Case Study 2: Text Analysis with Character Sets
The Scenario
You have been asked to build a simple text analysis tool for a writing class. The tool reads a passage of text and produces a detailed breakdown: how many vowels, consonants, digits, punctuation marks, and whitespace characters it contains. It should also identify which specific characters from each category appear and which do not. This is a task that character sets handle with remarkable elegance.
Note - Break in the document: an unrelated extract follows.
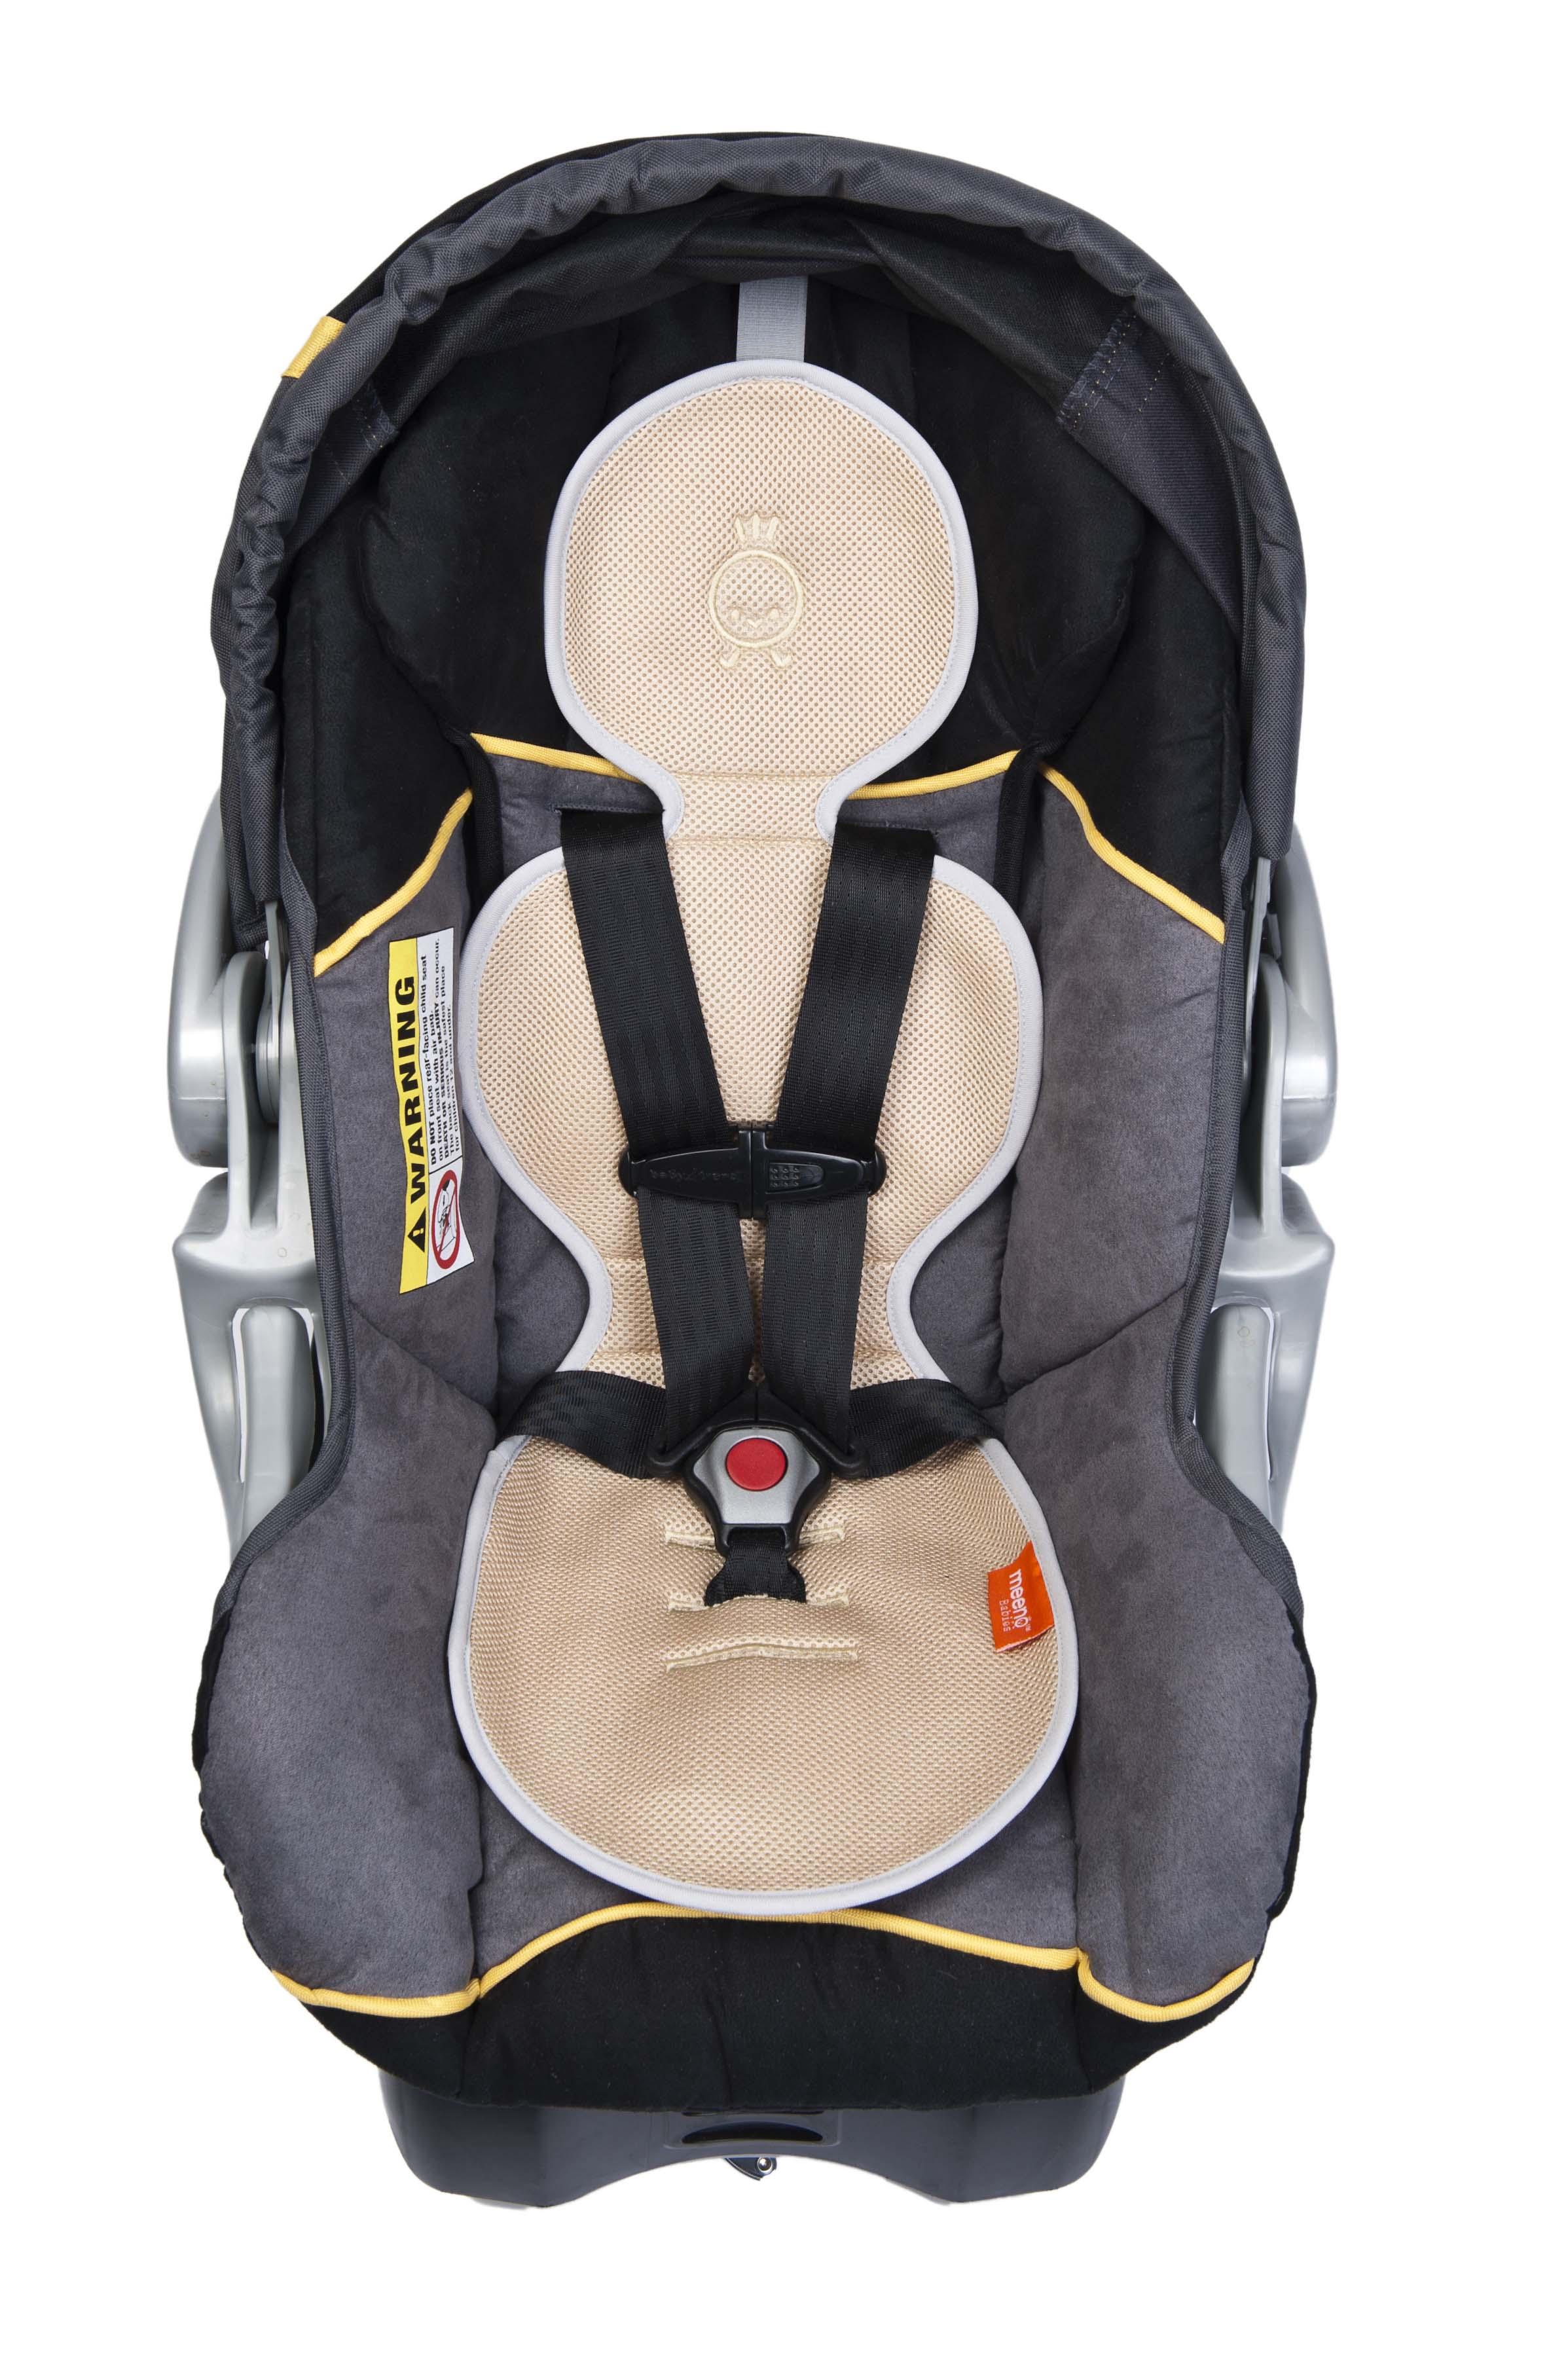 Baby Car Seat Cooling Pad Photos

Designing with Character Sets
The key insight is that every character classification question — "Is this character a vowel?", "Is this a digit?", "Is this punctuation?" — is a set membership test. We define our character classes as constants up front, and the rest of the program practically writes itself.
program TextAnalyzer;
{$mode objfpc}{$H+}
const
Vowels = ['A','E','I','O','U','a','e','i','o','u'];
Consonants = ['B'..'D','F'..'H','J'..'N','P'..'T','V'..'Z',
'b'..'d','f'..'h','j'..'n','p'..'t','v'..'z'];
Letters = ['A'..'Z', 'a'..'z'];
Digits = ['0'..'9'];
WhiteSpace = [' ', #9, #10, #13]; { space, tab, LF, CR }
Punctuation = ['.', ',', ';', ':', '!', '?', '''', '"',
'(', ')', '-', '/'];
Brackets = ['(', ')', '[', ']', '{', '}'];
Notice how we define Consonants explicitly as all alphabetic characters that are not vowels. We could also compute this: Letters - Vowels would give us the same set. Both approaches are valid; the explicit definition is slightly more readable, while the computed version is easier to maintain if the vowel list changes.
The Analysis Record
We collect all our results into a single record:
type
TTextStats = record
TotalChars: Integer;
VowelCount: Integer;
ConsonantCount: Integer;
DigitCount: Integer;
PunctCount: Integer;
SpaceCount: Integer;
OtherCount: Integer;
UniqueVowels: set of Char;
UniqueConsonants: set of Char;
UniqueDigits: set of Char;
UniquePunct: set of Char;
end;
The Unique* fields track which specific characters from each category appear in the text. This is a natural use of sets: as we encounter each character, we add it to the appropriate set. At the end, the set contains exactly the distinct characters that appeared.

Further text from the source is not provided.